As a (thoroughly tone-deaf 7-year old) child, my first choir experience was learning and singing Irving Berlin’s song based on "The New Colossus." You can listen to it here (and I can’t tell you how much I love that this is from the old Ed Sullivan show!): "Give Me Your Tired, Your Poor" The poem was written in 1883 by American Emma Lazarus and is etched in bronze and mounted on the Statue of Liberty's pedestal.
"Give me your tired, your poor,
Your huddled masses yearning to breathe free,
The wretched refuse of your teeming shore.
Send these, the homeless, tempest-tost to me,
I lift my lamp beside the golden door!"
Many years later, I heard Maya Angelou recite her “On The Pulse of Morning”.
You can read the full text here: The Pulse of Morning.
And maybe, today, let these words speak to our collective hearts?

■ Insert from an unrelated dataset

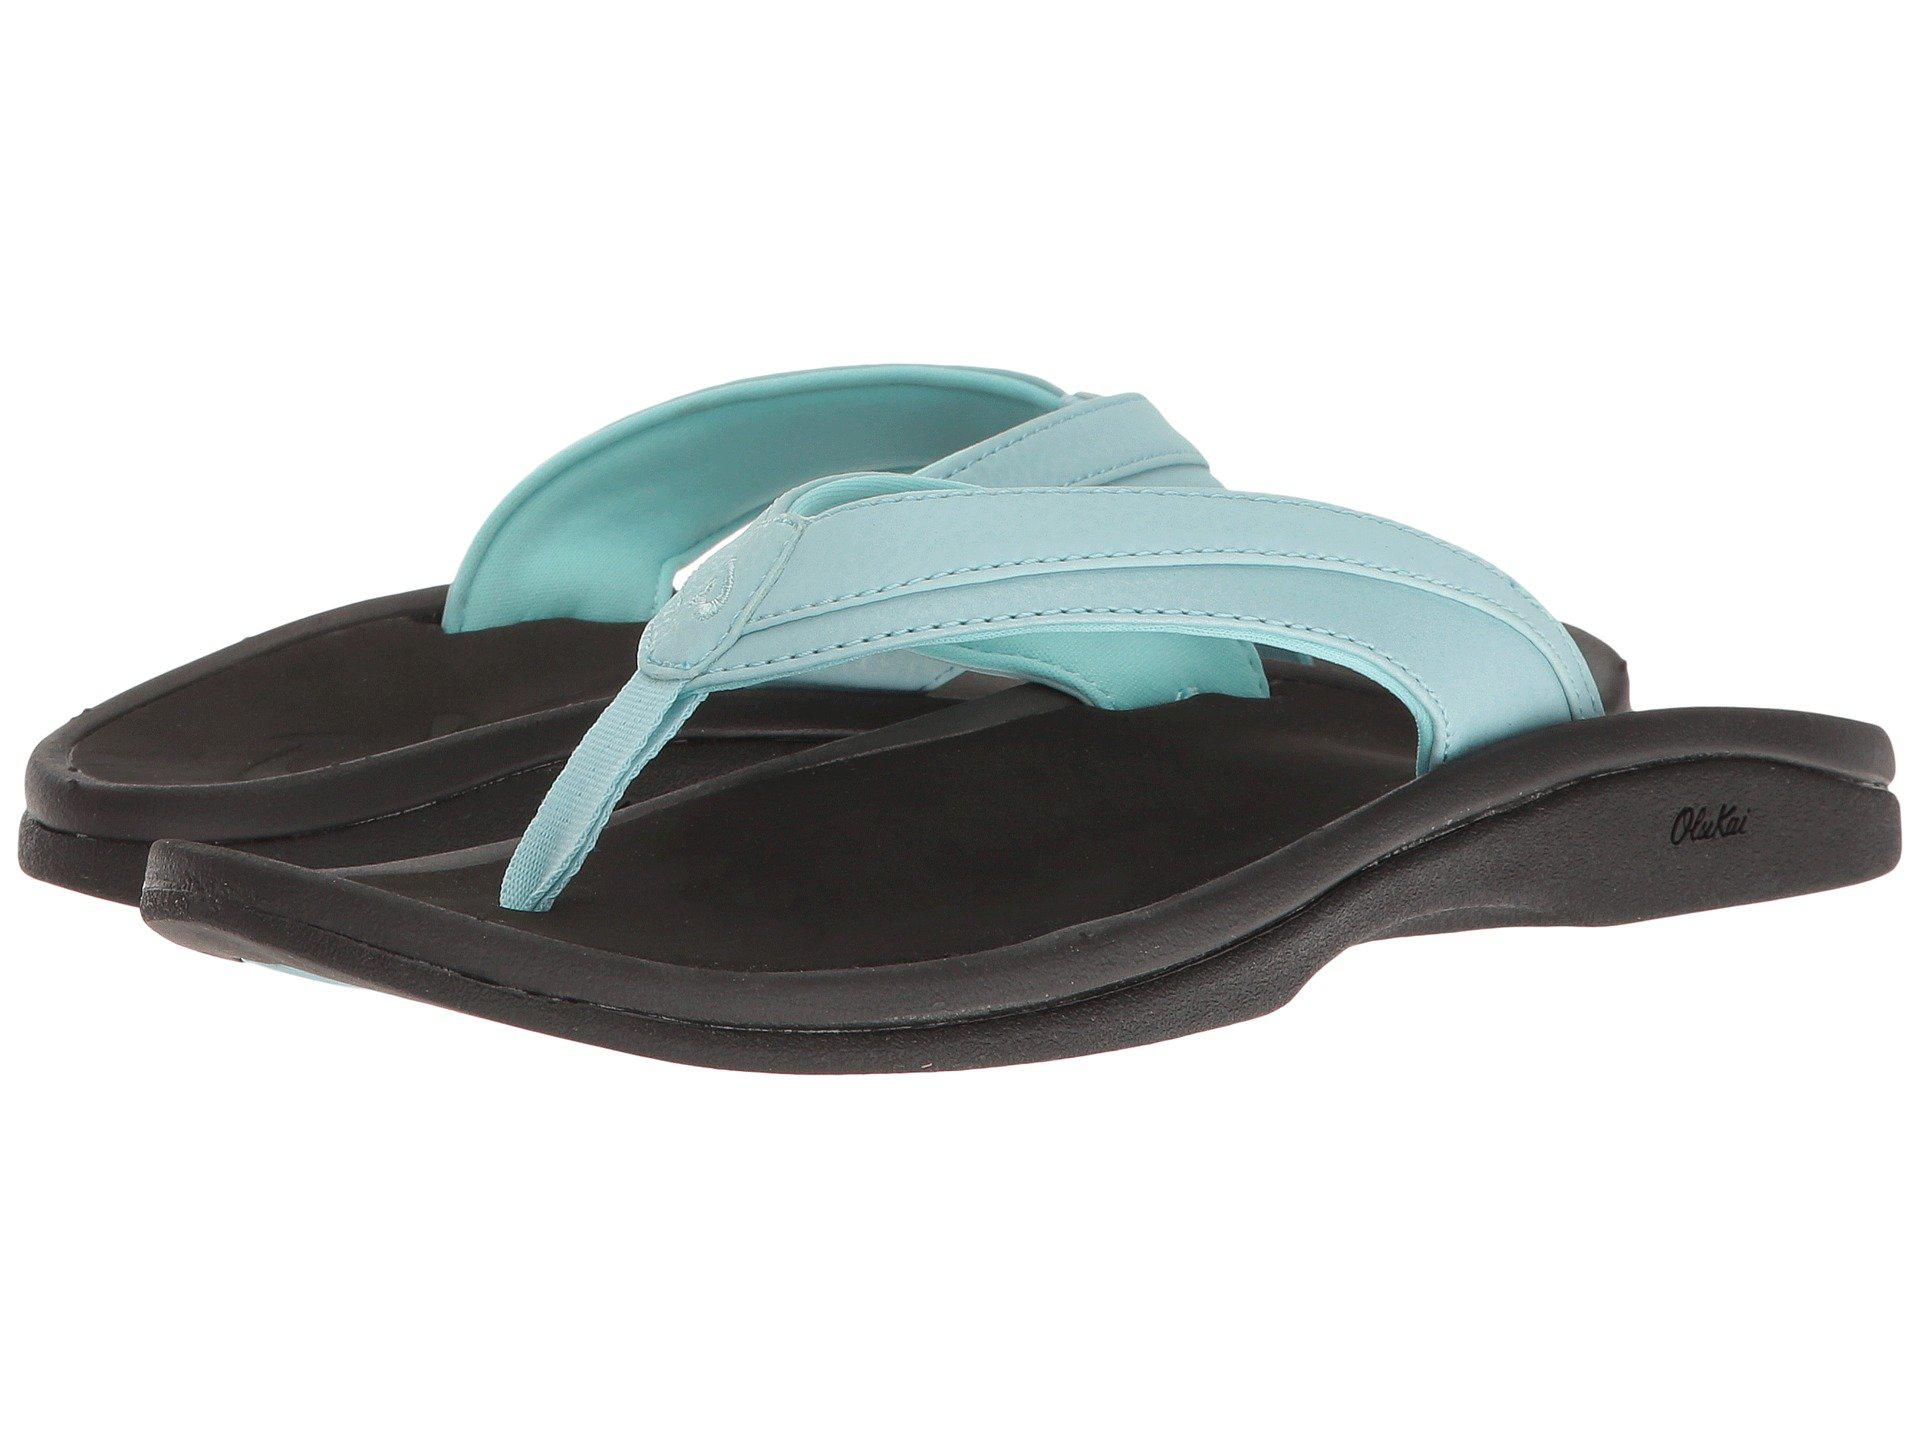 036d2bfe215 Lyst - Olukai Ohana W (blueberry black) Women s Sandals in Black

History, despite its wrenching pain
Cannot be unlived, but if faced
With courage, need not be lived again….Lift up your eyes upon
This day breaking for you.
Give birth again
To the dream.Women, children, men,
Take it into the palms of your hands,
Mold it into the shape of your most
Private need. Sculpt it into
The image of your most public self.
Lift up your hearts
Each new hour holds new chances
For a new beginning.
Do not be wedded forever
To fear, yoked eternally
To brutishness….Here, on the pulse of this new day
You may have the grace to look up and out
And into your sister’s eyes, and into
Your brother’s face, your country
And say simply
Very simply
With hope—
Good morning.
Today? Today can we at least do that?
Amen. We all may not agree all the time but we can learn to respect one another and share a common purpose as Americans.